Он знал о войне достаточно, чтобы понимать что ни один план сражения не переживает первого же контакта с противником. Разумеется, будут сложности. Что—то пойдет не так, как планировалось. У него не было времени на тщательную подготовку. У него не было возможности разведать местность, разослать агентов, устроить гражданские волнения. Все эти проблемы неизбежно ослабят его удар.

Но это была ерунда.

Ни один план сражения не переживает столкновения с противником — но врагов здесь не было. Их нигде не было видно. Действительно ли ворлонцы оставили его мир Чужакам? Действительно ли они окончательно бросили Центаври Прайм и центавриан, пожертвовав планетой?

Отец...

Он вздрогнул и закрыл глаза. Это было нечестно! Это нечестно! Линдисти мертва.

И все же ее тихий, жалобный плач отдавался эхом в его каюте.

тец тец ец ц

Он неожиданно рассмеялся, и голос исчез. Честно? О чем он думает? Это война. Нет ничего честного. Во имя Великого Создателя — он был центаврианином, а тут он разнылся словно ребенок. Война нечестна и никогда не была честной.

Смех прогнал его мрачное настроение и он активировал комм—системы, посылая свой голос флоту.

— Мой народ. — сказал он. — Это ваш Лорд—Генерал. И это ваш дом.

Мы центавриане, нам известно несчастье. Нам известны боль и страдание. Нам известны потери и нам известен страх.

Но прежде всего, нам ведома отвага! Двенадцать лет мы сражались ради этого мига, ради нашего дома. Двенадцать лет! Помните об этом. Помните о всех тех мгновениях, когда вы смотрели на звезды и грезили о доме.

Итак, мы здесь. Дома. Что касается меня — я слишком долго не был здесь, и когда это закончится, я никогда больше не покину этот мир. Никому из нас не придется вновь оставить дом.

Наш враг сеет хаос, анархию и безумие, там где он проходит. Но мы — центавриане. Мы избранные. Я знаю всех и каждого из вас, и я верю во всех и каждого из вас. Мы центавриане, мы сильны. Мы не позволим чужим шепотам сбить нас с толку.

Повсюду, далеко от нас, другие сражаются на той же войне. Они сражаются за их дома, и за их семьи. Минбарцы, нарны, бракири, дрази... позволим ли мы сказать, что они были сильнее и лучше нас?

Нет! Ибо мы центавриане, и это наш мир, и это наша война!

Будьте сильны, будьте тверды, будьте решительны и знайте это.

За свою жизнь я сражался подле многих воинов. Я вел в бой бесчисленные армии и флоты, и если бы я мог выбирать, кого вести на этот бой — я бы не выбрал никого, кроме тех, кто сейчас со мной. Я горжусь всем вами.

А теперь мы идем в бой!

За наш дом!

Слова. Слова могут вдохновить или ужаснуть. Враг стремился использовать слова, чтобы распространять страх. Всем, что Марраго мог противопоставить им — были его собственные слова.

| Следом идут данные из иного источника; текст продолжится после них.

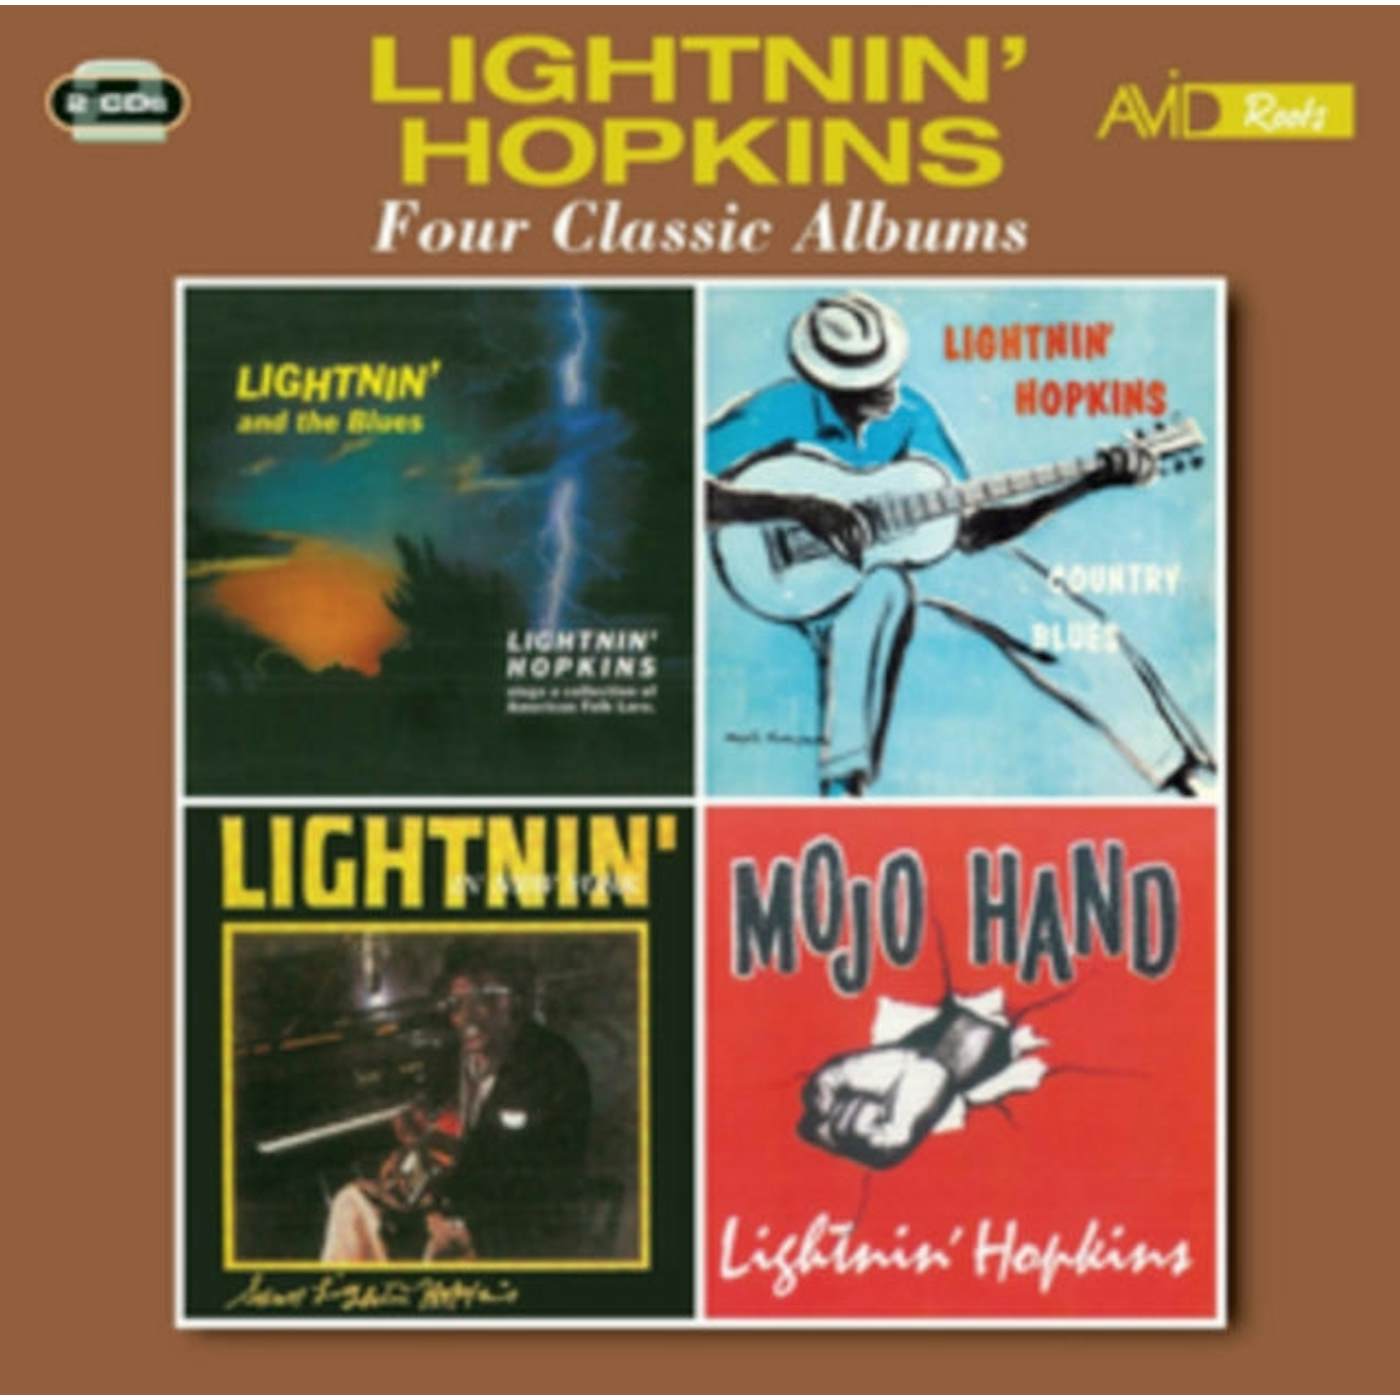 Lightnin' Hopkins CD - Four Classic Albums

Их должно быть достаточно.

Десантные капсулы падали на планету, унося с собой солдат. Вторжение на Центаври Прайм началось.

* * *

Удалить сообщение.

— Я не знаю, сколько ты помнишь. — начала она. — Я отправилась на За'ха'дум. Я отправилась добровольно. Это было частью.. сделки, которую я заключила. Прежде чем я ушла, мы провели... одну ночь вместе. Ты помнишь это? — Он слушал ее шепот. — Пожалуйста, вспомни. Пожалуйста, вспомни хотя бы это. — У него появилось ощущение что ему не полагалось слышать этого.

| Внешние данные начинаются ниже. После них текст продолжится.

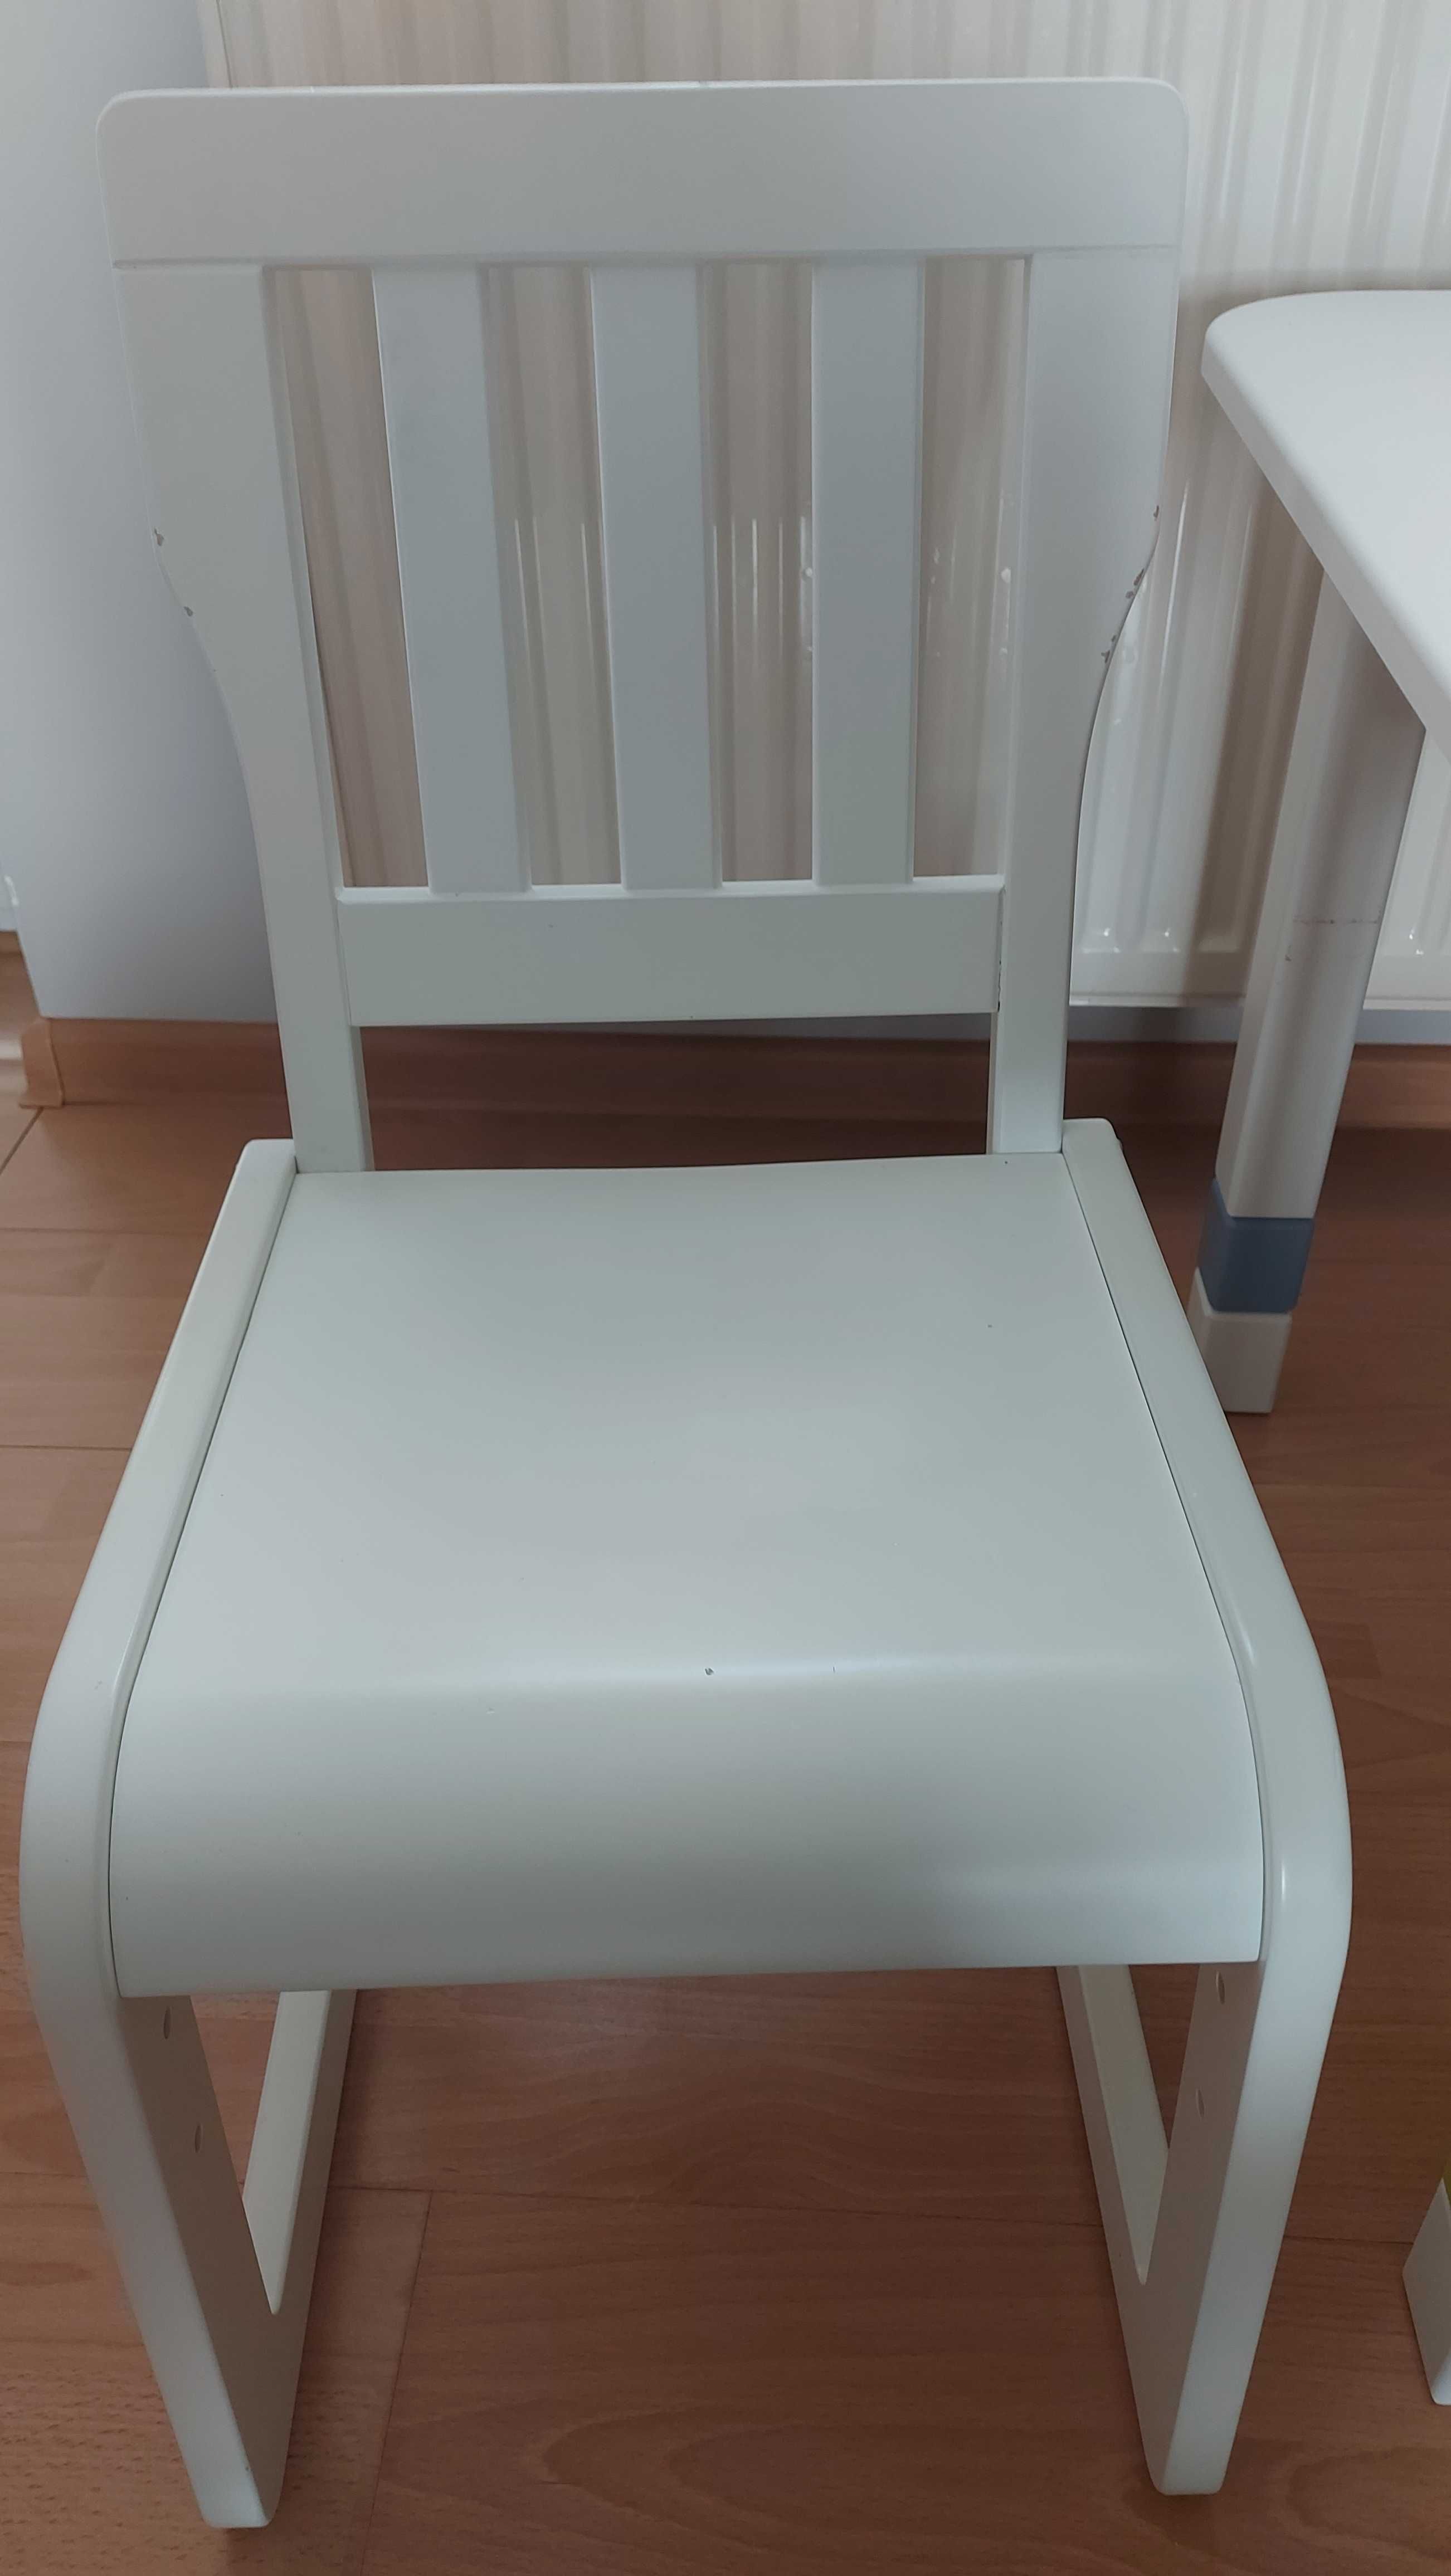 Stolik i krzesło Meblik ( stolik krzesełko dziecięce )

Он не был уверен, что он это помнит. Ему явился образ Деленн, стоящей в дверях, одетой в белый с золотом наряд, но... Она коснулась его и поцеловала его и...

— Да. — неуверенно проговорил он. — Да, я это помню.

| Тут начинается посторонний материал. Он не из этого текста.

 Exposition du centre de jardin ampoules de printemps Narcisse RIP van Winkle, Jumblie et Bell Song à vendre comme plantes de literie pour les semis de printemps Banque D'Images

Она улыбнулась, с явным облегчением.

Они убили ее! Они... они убили ее! Будь они прокляты, они убили ее!

— Я была беременна. Та единственная ночь. Я была беременна. Я не знала, когда уходила, но знай я... я бы не изменила решения. Я сделала то, что должна была сделать.

Мой ребенок... наш ребенок... умер. Он был убит. Во мне. Не отправься я на За'Ха'Дум, он мог бы жить. Мы могли бы жить вместе, все трое.

Как... как семья.

Ты думаешь, будь Деленн еще жива — я бы не сделал все, что мог, чтобы попытаться ее спасти? Думаешь я смог бы вынести мысль о том, что она страдает там?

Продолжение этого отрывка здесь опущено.